Île-de-France : pollution aux particules fines, polémique autour de la circulation différenciée à Paris

Île-de-France : pollution aux particules fines, polémique autour de la circulation différenciée à Paris
Des véhicules sur l'autoroute A1, le 27 juillet 2018

Orange avec AFP-Services, publié le vendredi 22 février 2019 à 09h35

En Île-de-France et dans plusieurs départements normands, un pic de pollution aux particules fines entraîne des restrictions de circulation sur les autoroutes et les voies rapides.

Plusieurs départements de la Normandie et de l'Île-de-France font l'objet d'un épisode de pollution atmosphérique, vendredi 22 février. Les capteurs de surveillance de qualité de l'air ont détecté, depuis mercredi, un dépassement du seuil d'information-recommandation de pollution aux particules fines PM10 fixé à 50 µg/m³.

Des mesures de restriction de circulation ont été prises.

En Île-de-France, la préfecture de Police de Paris a annoncé un abaissement de 20 km/h des limitations de vitesse en vigueur sur les autoroutes et les voies rapides, sans toutefois descendre en-dessous de 70 km/h. Ainsi, les portions autoroutières habituellement à 130 km/h sont limitées à 110 km/h. Ces mesures réglementaires sont également appliquées dans l'Eure, le Calvados et la Seine-Maritime.
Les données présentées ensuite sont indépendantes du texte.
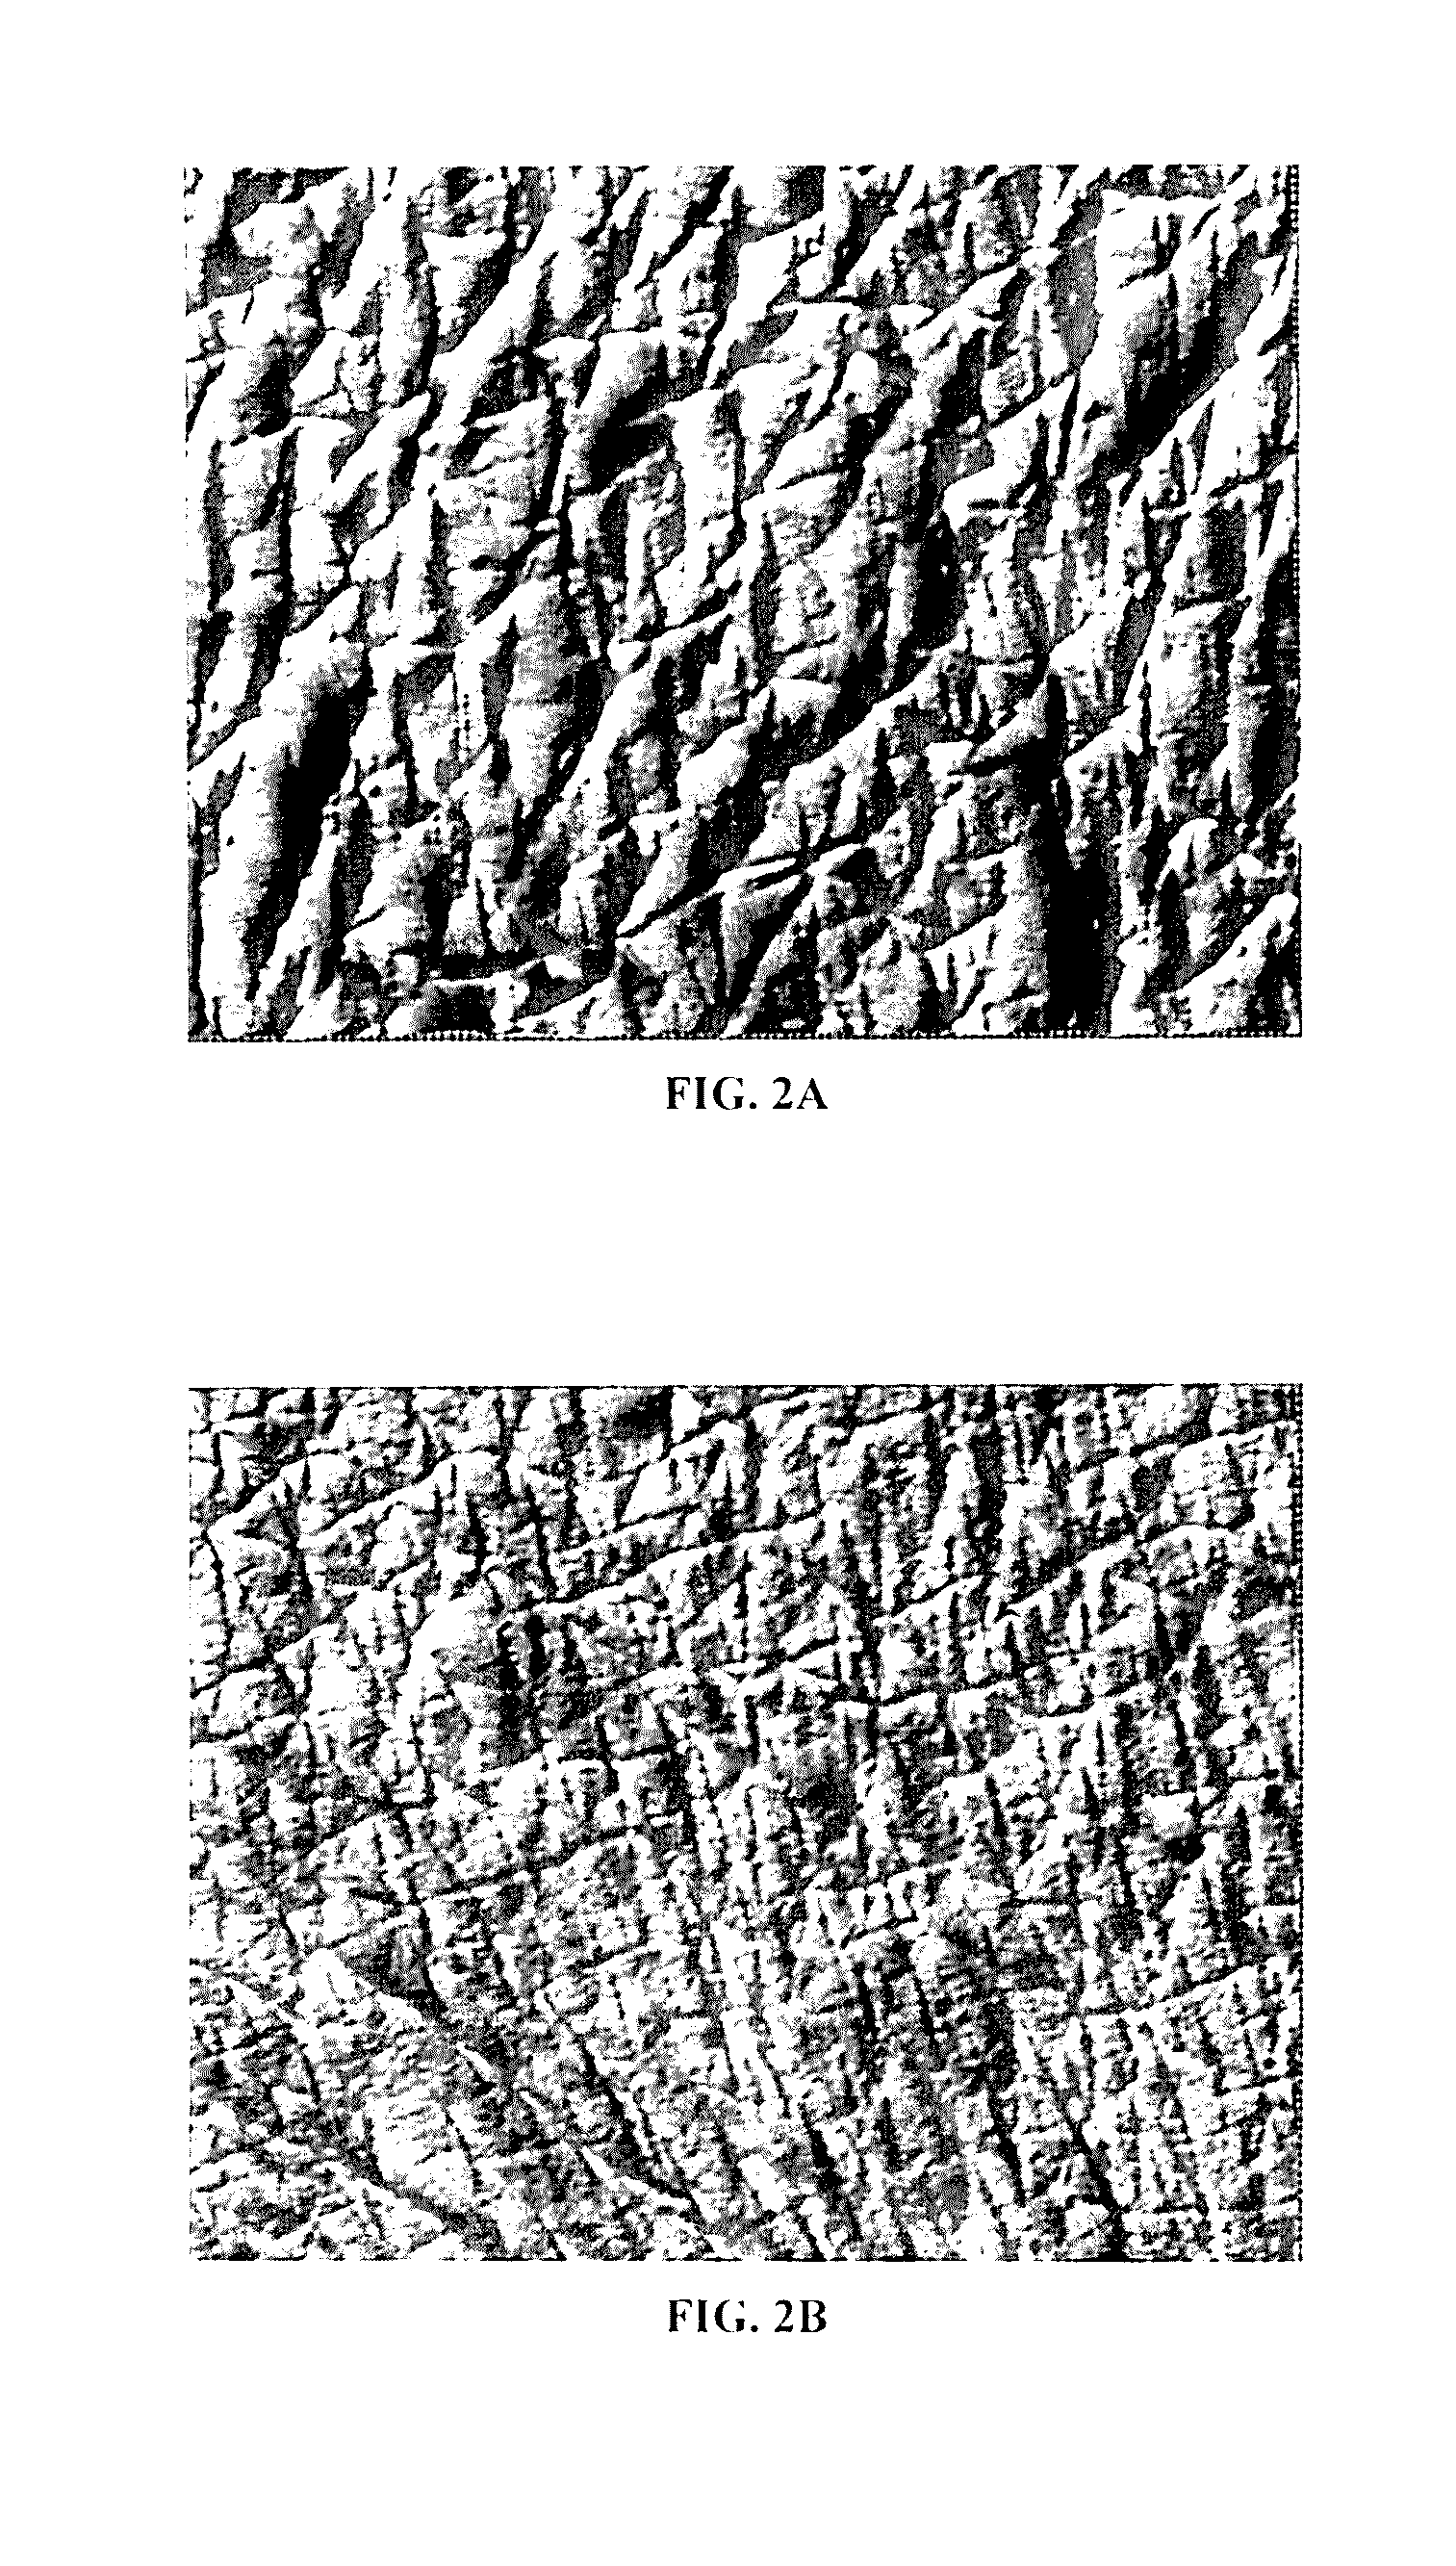 Cosmetic compositions and uses thereof

La mairie de Paris déplore l'absence de circulation différenciée

Aucune mesure de circulation différenciée n'a toutefois été prise à Paris, malgré une demande d'Anne Hidalgo qui souhaitait une restriction "sans attendre" concernant les véhicules les plus polluants tels que ceux qui sont sous le régime des vignettes Crit'air 4 et 5 (diesels immatriculés avant 2006 et 2001). "La santé publique des citoyens n'est manifestement pas une priorité pour l'État", a déploré Christophe Najdovski, maire adjoint de Pairs en charge des transports.

Les Parisiens sont néanmoins incités à utiliser les transports en commun. En ce sens, le stationnement résidentiel est gratuit pour les habitants.